Why backtesting matters more than most retail traders realise

Backtesting is the discipline of running a trading strategy against historical market data to estimate how it would have performed. Done properly, it is the single most valuable activity a systematic trader can undertake before risking capital. Done improperly — which is how most retail backtests are done — it produces confidence in strategies that fail immediately in live trading and consumes capital that would have been better preserved.

This article is written for the UK practitioner: someone with the patience and technical inclination to build something rigorous, working with UK-relevant assets (FTSE indices, GBP/USD, gilts, UK equities, crypto traded through UK-accessible venues) and considering live deployment through UK-regulated channels. The principles are universal but the data sources, tax considerations, and execution constraints we will discuss are specific to the UK environment in 2026.

Step 1: Define the strategy specifically enough to test

Most backtests fail before any code is written, because the strategy specification is too vague to test. “Buy when momentum is positive and sell when it turns negative” is not a specification — it is an idea. A specification answers, before any data is touched: which exact assets are traded, on which exact timeframe, with which exact entry condition (formulated as a numerical rule), with which exact exit conditions (both profit-take and stop-loss as numerical rules), with which exact position sizing rule, and how the strategy handles edge cases (no signal for weeks, multiple signals firing simultaneously, gaps over weekends).

Practitioner note. A specification you cannot translate directly into Python or pseudocode is not a specification. If, when you sit down to write the backtest, you find yourself making judgement calls about what the strategy should do in specific situations, the strategy is underspecified. Stop, return to the specification, and resolve those ambiguities before continuing.

A worked example. “GBP/USD mean reversion” is an idea.
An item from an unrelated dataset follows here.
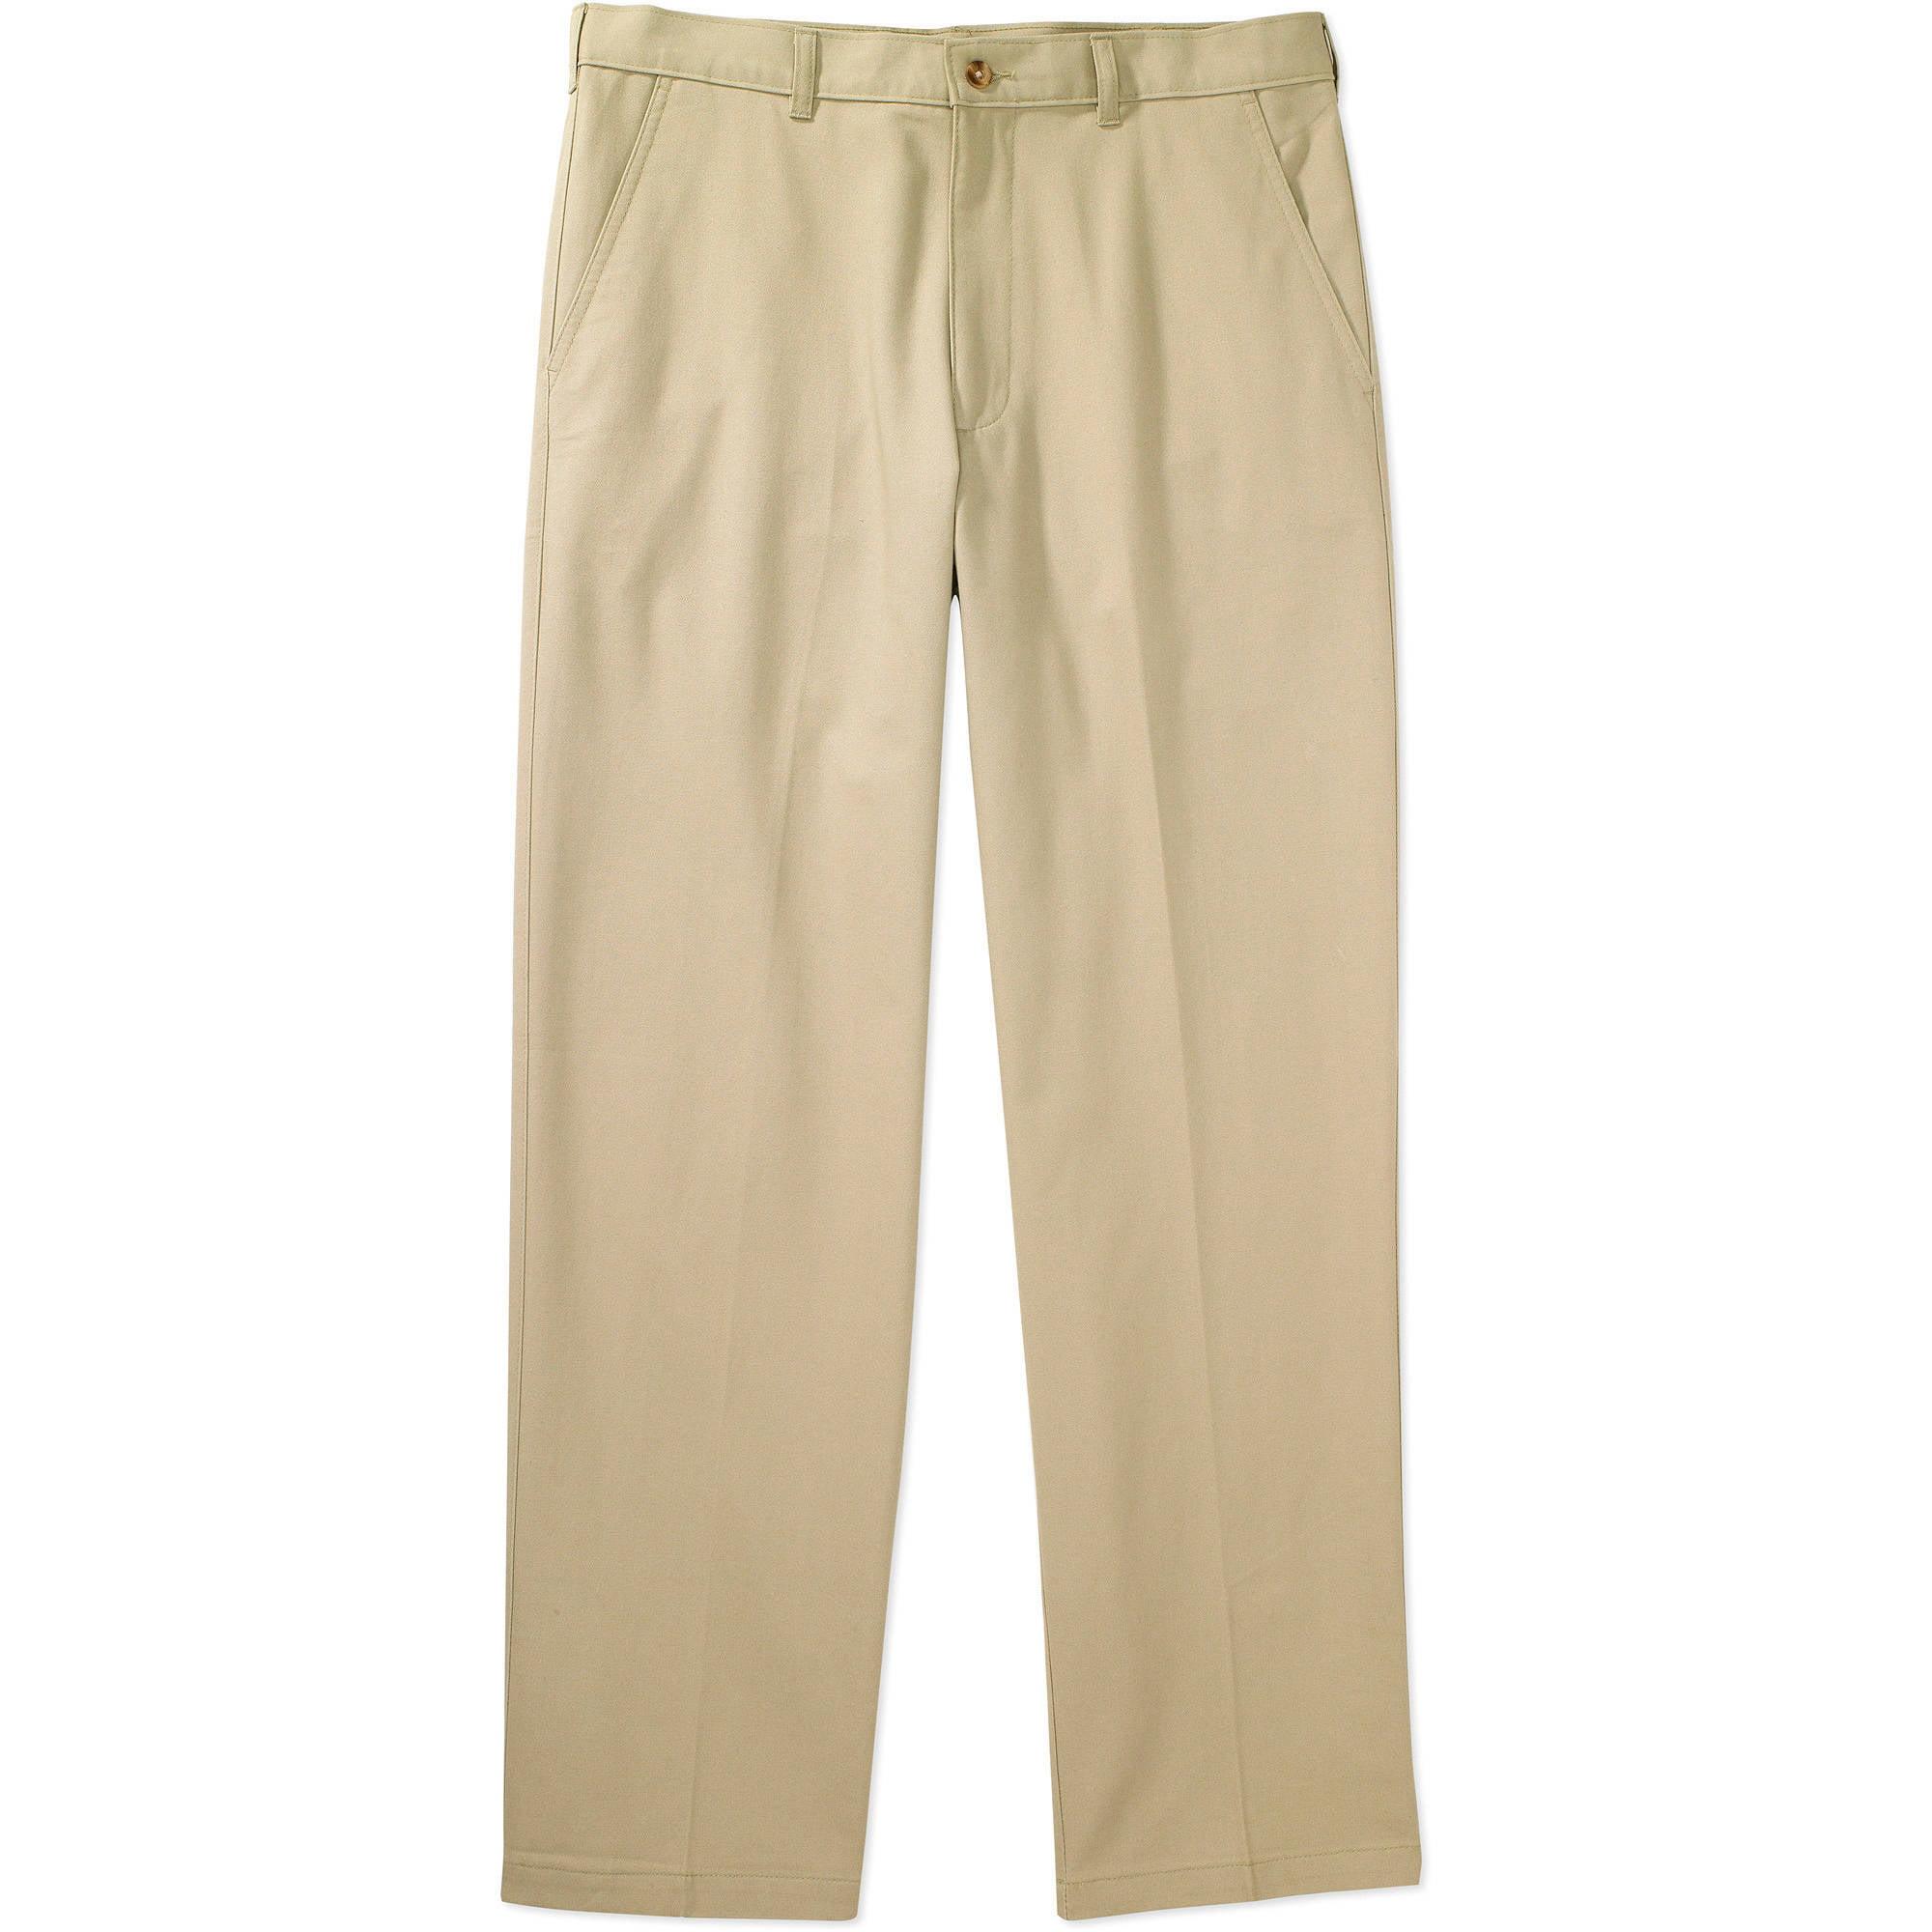 George - Big Men's Flat -Front Wrinkle-Resistant Pants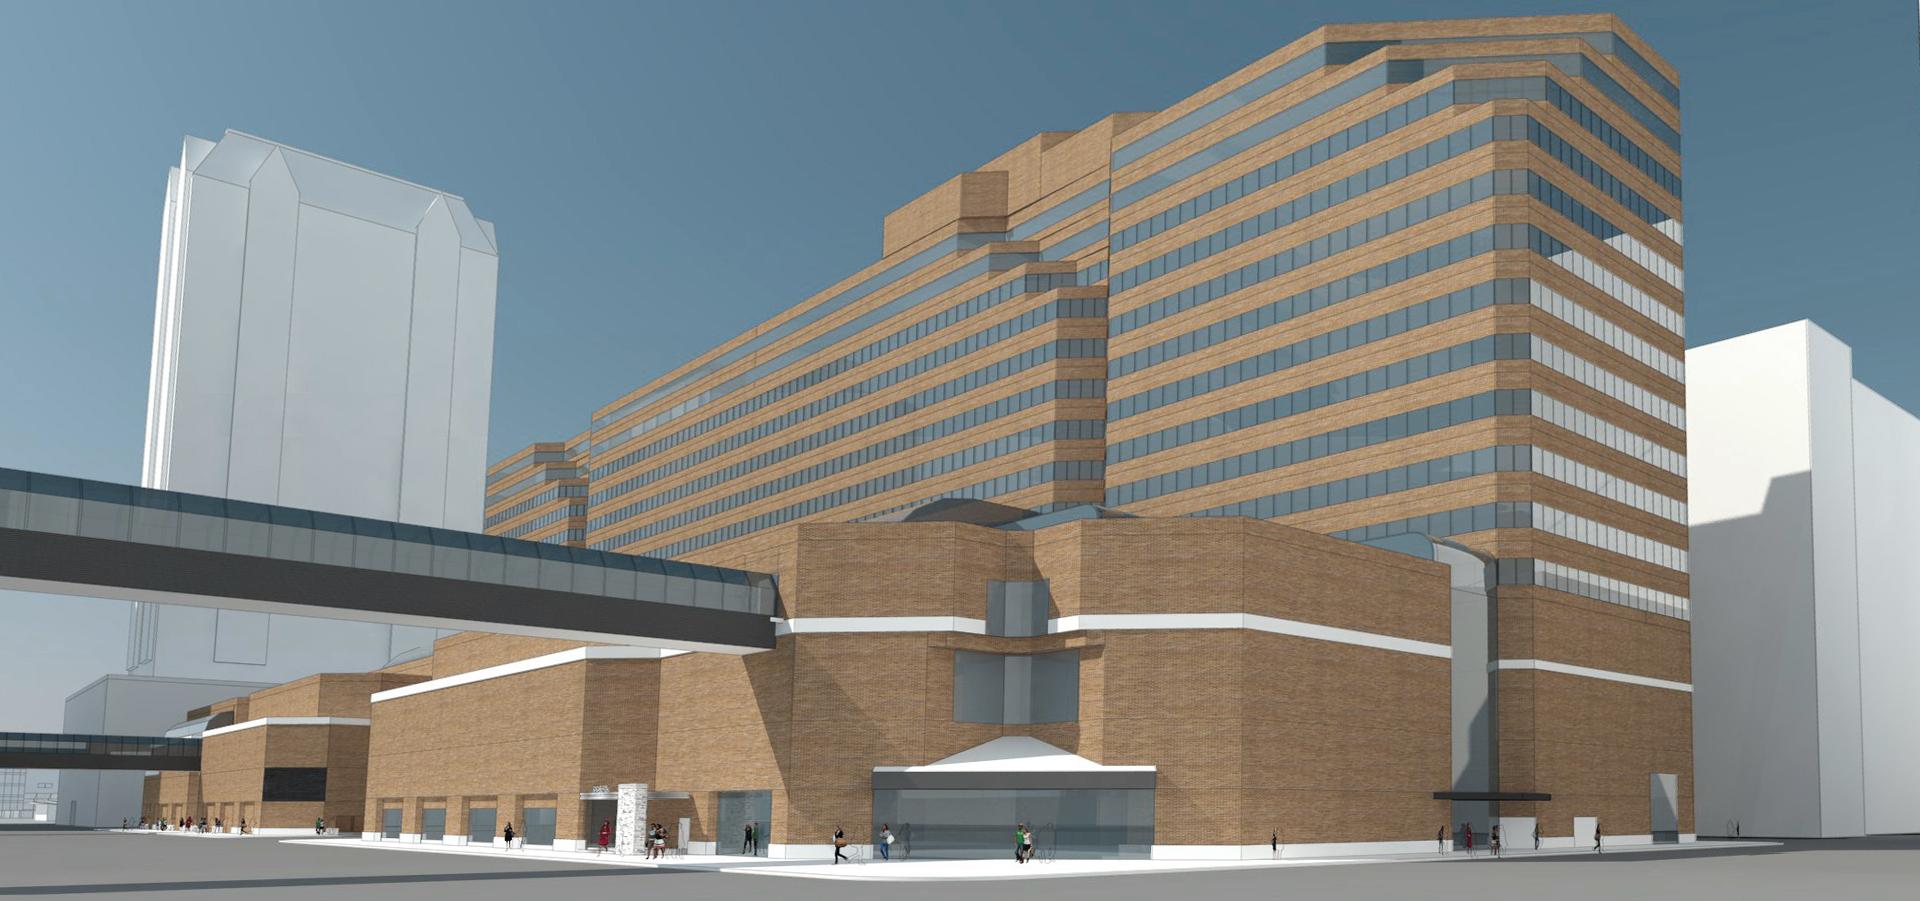 (2/7) Houston Center - Campus Renovation

The corresponding specification: buy GBP/USD when the 5-minute close is more than 2.5 standard deviations below the 50-period rolling mean, with the standard deviation calculated on the same 50-period window; close the position when the price returns to within 1 standard deviation of the mean, or 60 minutes have elapsed without reversion, or the price moves a further 1.5 standard deviations against the position (stop-loss). Position size: 1% of capital divided by stop-loss distance in pips, capped at 5% of capital notional. Operating window: London and New York sessions only (08:00–20:00 UK time). Multiple signals: only one position open at a time; signals firing while a position is open are ignored.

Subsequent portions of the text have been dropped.